_What the task asks_: Although the data below contains pictures, please reproduce only its words, exactly.

_Collected data_:

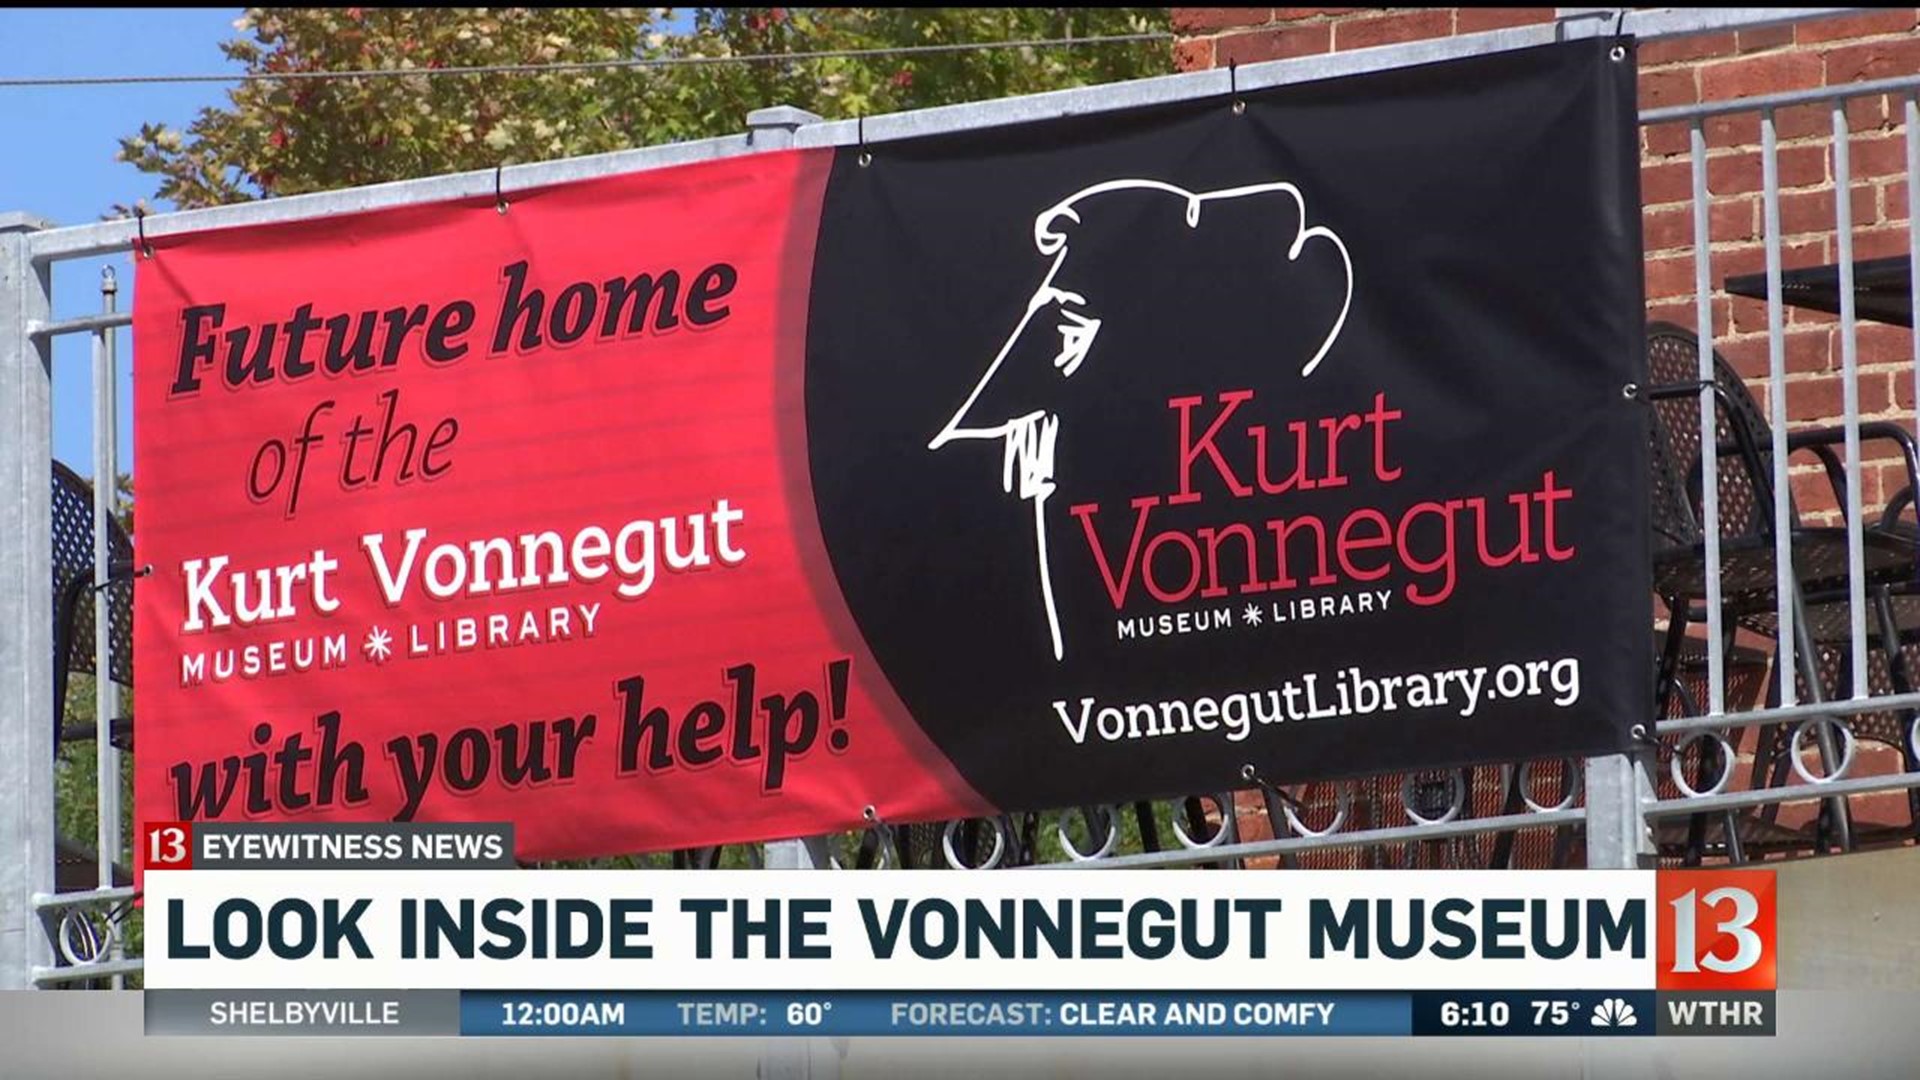 Look inside the Vonnegut Museum
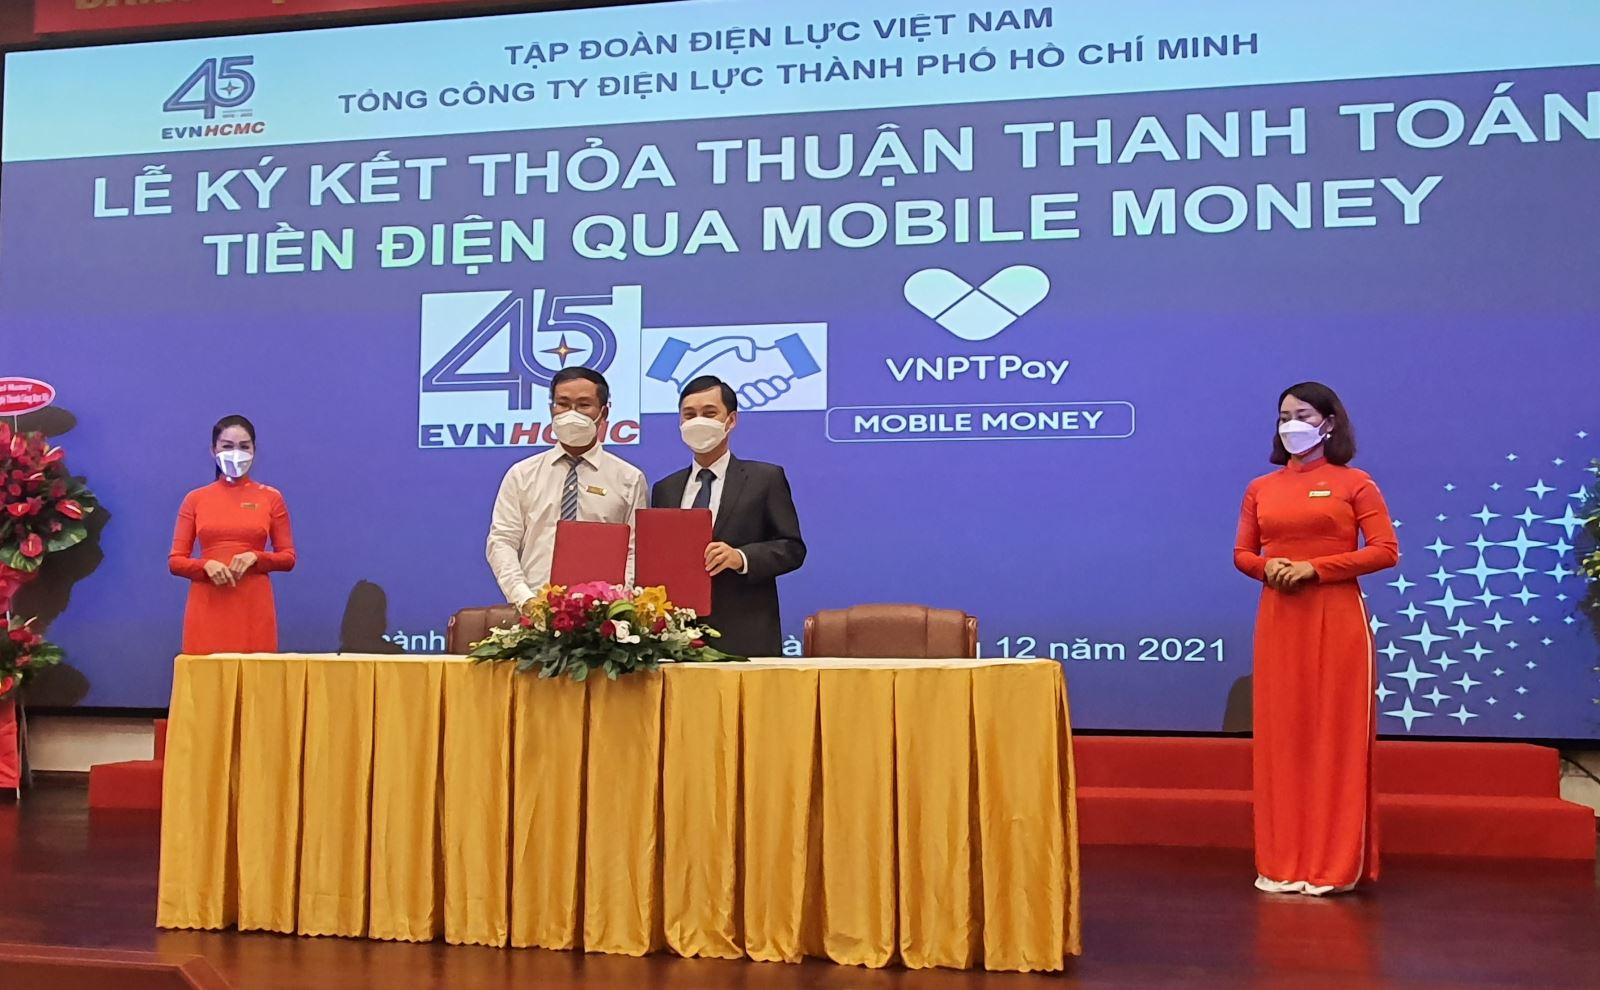 Đại diện EVNHCMC và VNPT ký kết thỏa thuận hợp tác thanh toán tiền điện qua Mobile Money
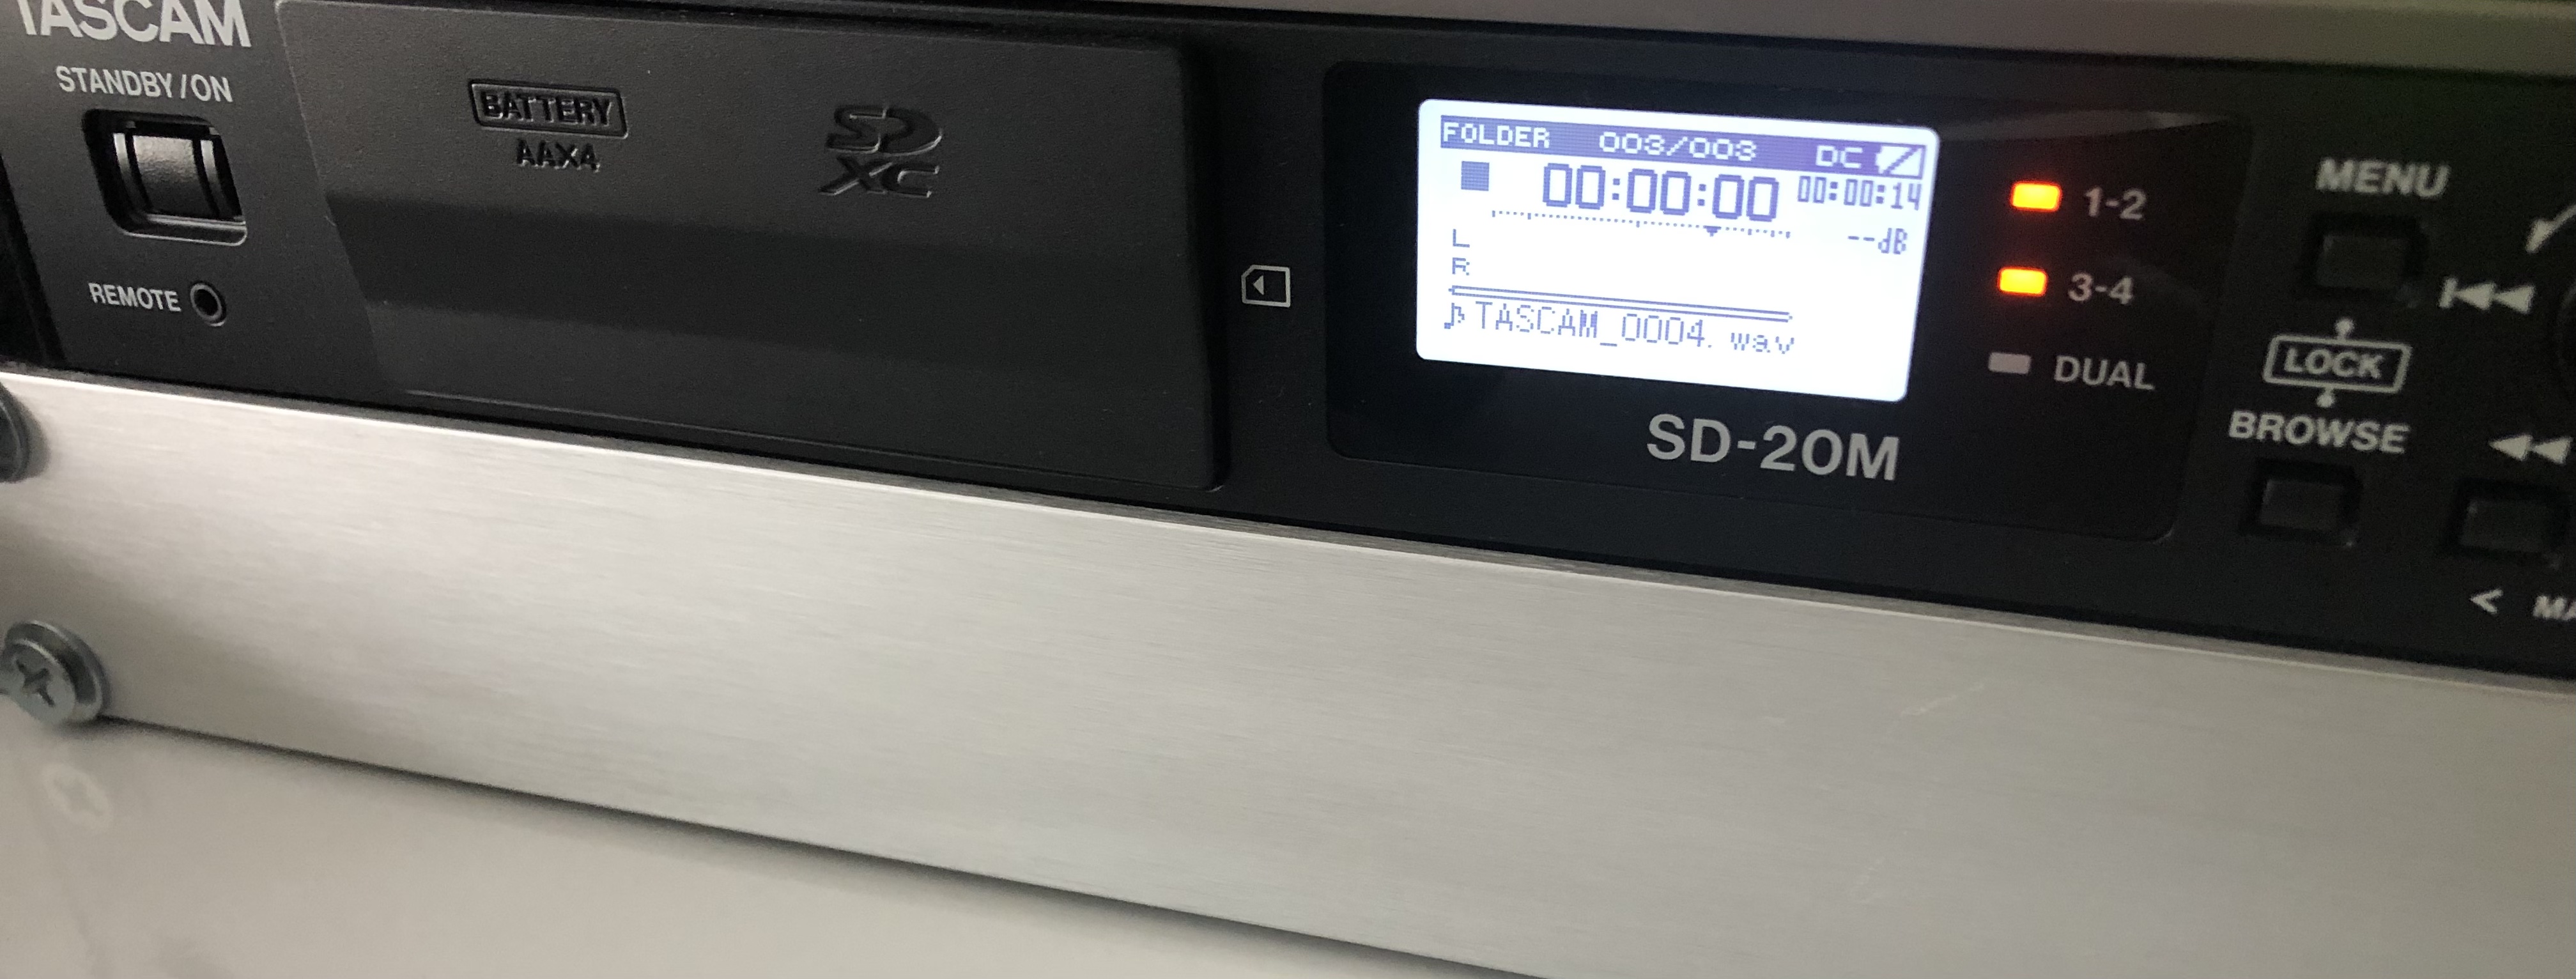 SD-20M - Tascam SD-20M - Audiofanzine

_Task response_:
 Look inside the Vonnegut Museum
 Đại diện EVNHCMC và VNPT ký kết thỏa thuận hợp tác thanh toán tiền điện qua Mobile Money
 SD-20M - Tascam SD-20M - Audiofanzine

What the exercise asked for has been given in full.